Created on 07-16-2016 02:08 AM - edited 08-17-2019 11:21 AM
Update: apparently when you initiate a support case resolution capture, let's say for HBase service, it will pull HDFS namenode logs in addition to the HBase logs. You may be faced with the same issue and may have to apply the approach below to overcome timeouts.
In SmartSense 1.3.0 this will no longer be an issue. Until then, this is a way to avoid capture time outs. Firstly, lets discuss the difference between capture for analysis and support case resolution. Analysis bundles do not collect service logs. For support cases, you're going to fetch configuration and logs. Then based on how much anonymization you will want to apply, large log files will take a long time to collect. This is especially prominent with HDFS namenode logs. They tend to be big and this is exactly the scenario we're trying to address. Firstly, increase the threshold for agent time out in Ambari. In my case it was 30min. Feel free to raise it up to 2hrs on the Ambari SmartSense Operations page.

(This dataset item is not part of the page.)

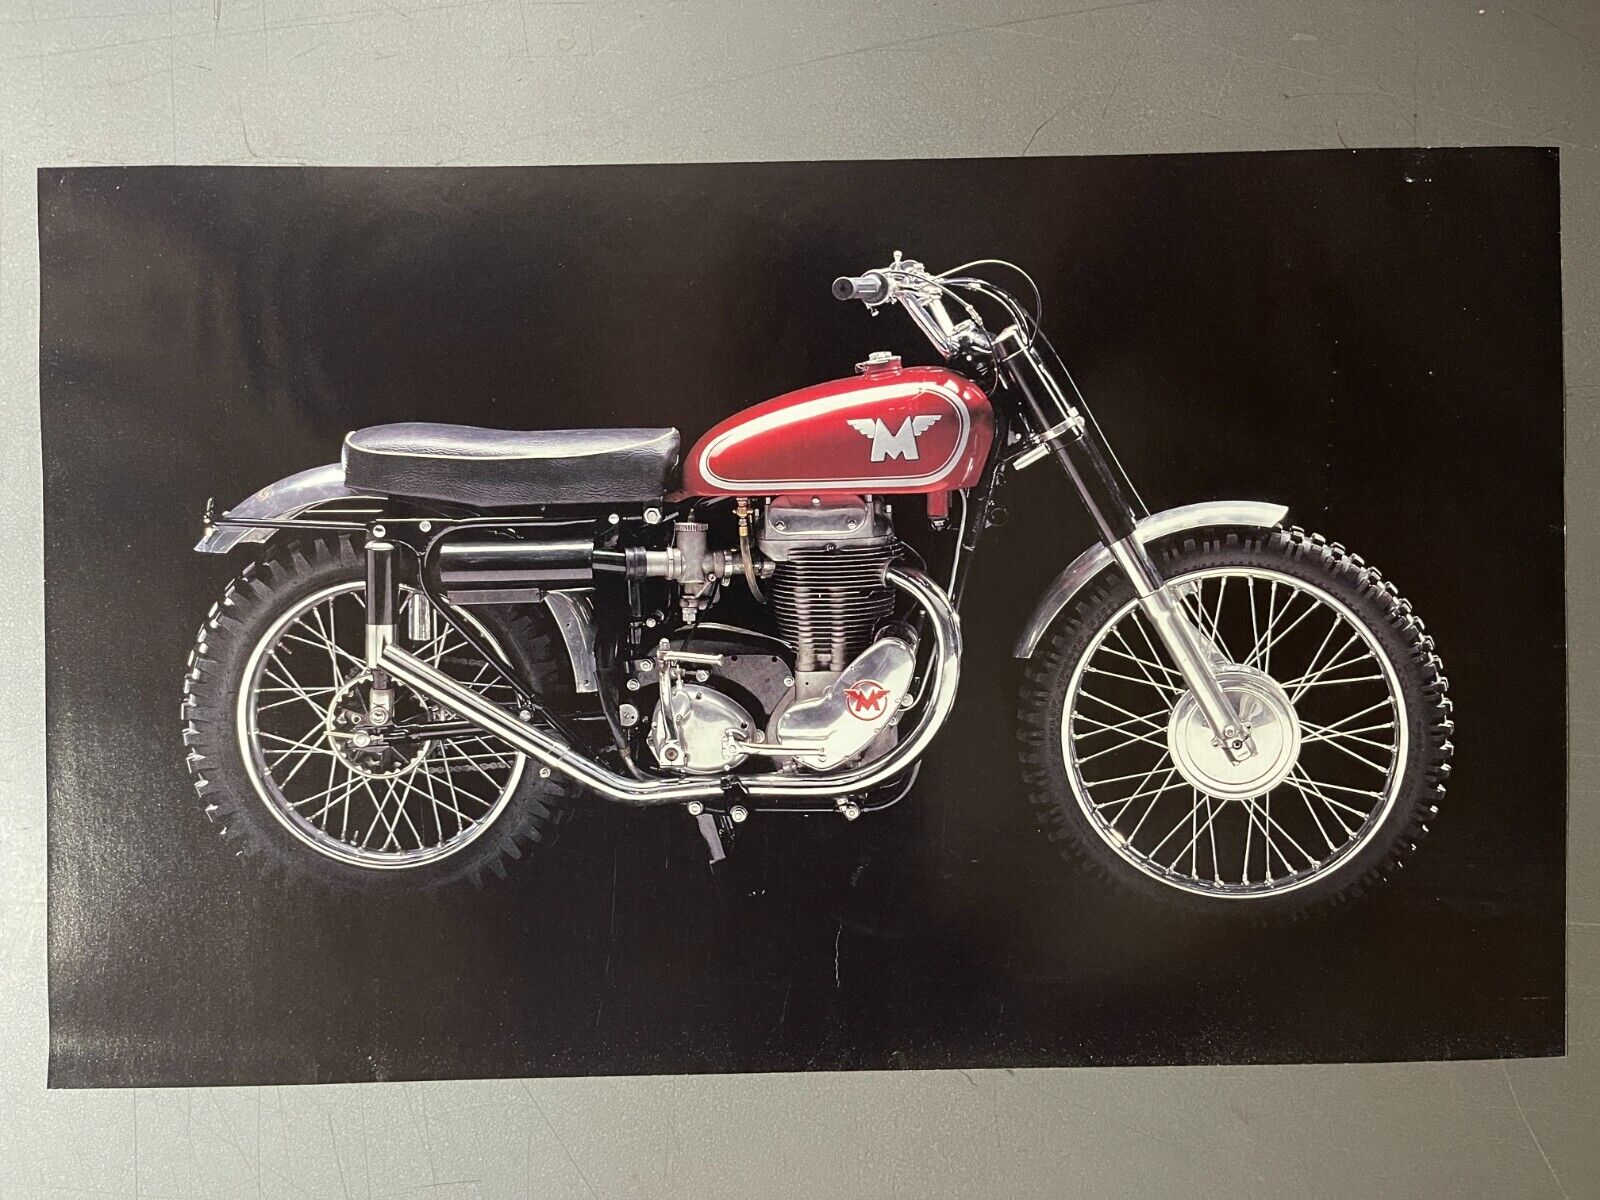 1960 Matchless G80 CS Motorcycle Picture, Print - RARE Awesome L@@K
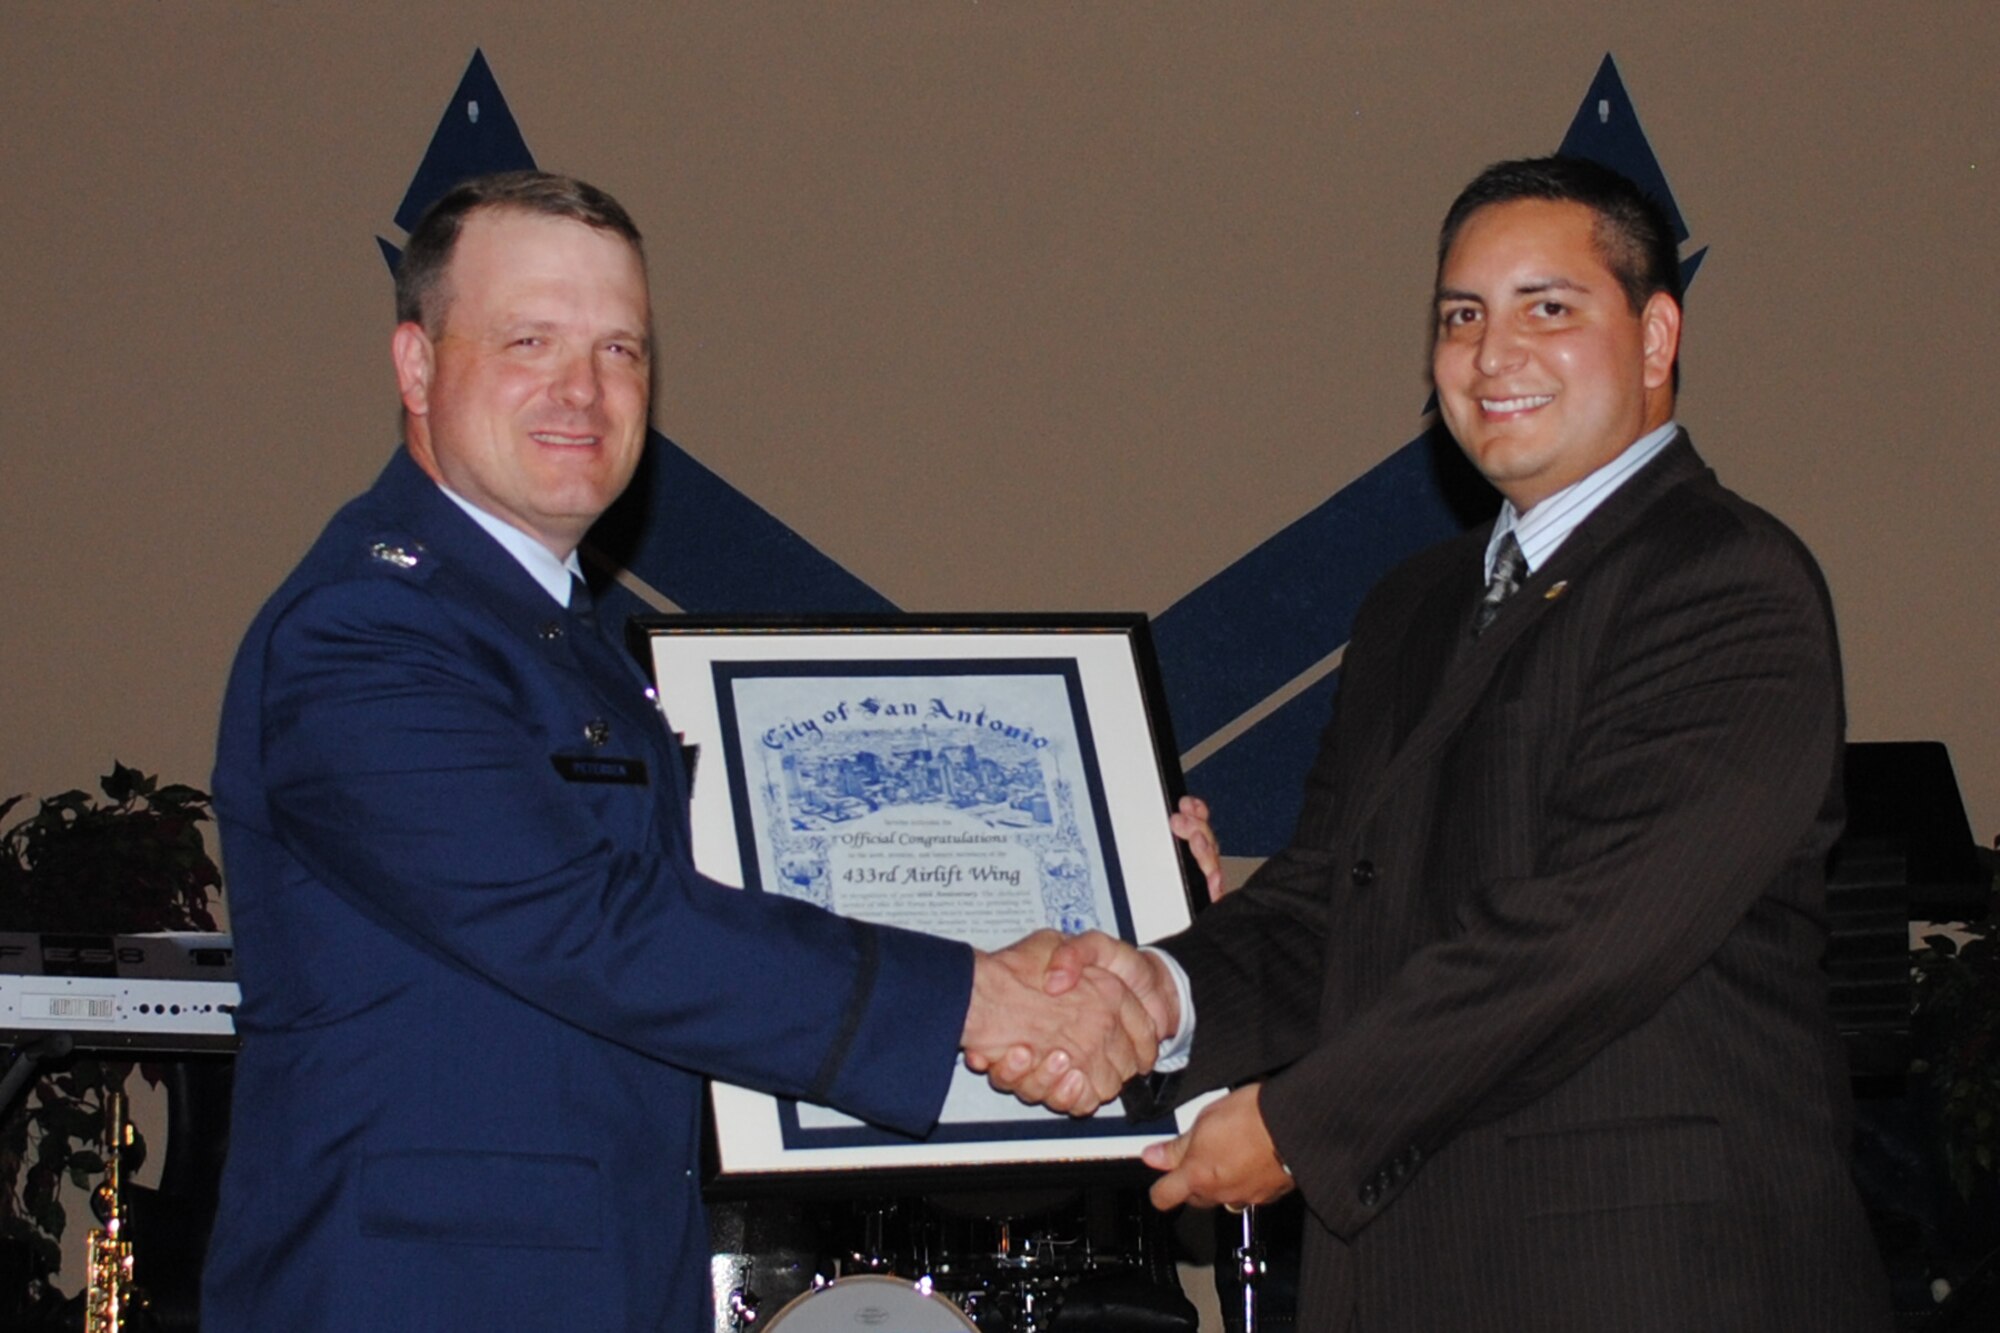 Col. Craig Petersen, 433rd Mission Support Group commander, poses for a photo with Former San Antonio city councilman, Philip Cortez, who presented the Alamo Wing with a congratulatory proclamation by the Honorable Julian Castro, mayor of San Antonio, during the 433rd Airlift Wing 60th Anniversary Dinner, held Sept. 10, 2011, at the Gateway Club on Lackland Air Force Base, Texas. Part of the proclamation read, “The dedicated service of this Air Force Reserve Unit to providing operational requirements is to be commended. Your devotion to supporting the mission of the Air Force is worthy of recognition and praise.” (U.S. Air Force photo/Senior Airman Luis Loza Gutierrez)

Then, we're going to exclude anything but hadoop-hdfs-namenode-*.log logs. That leaves .out and .out.* and .log.* files out of the collection. On the HST server host, where HST is analogous to SmartSense, go to /var/lib/smartsense/hst-agent/resources/scripts directory. Notice we're accessing hst-agent not hst-server directory. The collection scripts exist on agent hosts not on hst-server. Edit hdfs-scripts.xml file and go to line 100, it may be 10 lines give or take depending on which version of SmartSense you're running. On 1.2.2, it is line 100. Change the following lines
if [ `hostname -f` == "${MASTER}" ] && [ `echo "${SLAVES}" | grep -o ',' | wc -l` -gt 1 ] ; then find $LOG 2>/dev/null -type f -mtime -2 -iname '*' -exec cp '{}' ${outputdir} \; find $LOG 2>/dev/null -type f -mtime -2 -iname '*' -exec cp '{}' ${outputdir} \; else for file in `find $LOG 2>/dev/null -type f -mtime -2 -iname '*' ; find $LOG 2>/dev/null -type f -mtime -2 -iname '*' ; `
to
if [ `hostname -f` == "${MASTER}" ] && [ `echo "${SLAVES}" | grep -o ',' | wc -l` -gt 1 ] ; then # find $LOG 2>/dev/null -type f -mtime -2 -iname '*' -exec cp '{}' ${outputdir} \; find $LOG 2>/dev/null -type f -mtime -2 -iname '*.log' -exec cp '{}' ${outputdir} \; else for file in `find $LOG 2>/dev/null -type f -mtime -2 -iname '*.log' ; find $LOG 2>/dev/null -type f -mtime -2 -iname '*.log' ;
It is hard to see the difference, what we changed is actually comment out first find command, in 2nd find command, we replaced '*' to '*.log' and repeated the same in the for loop and again in the last find command. So for every iteration of '*', replace that with '*.log'. As the last step, let's restart SmartSense service and agents to propagate the changes to every agent; we only care about namenode nodes but depending on service and host components, I don't see why we couldn't restart all of them.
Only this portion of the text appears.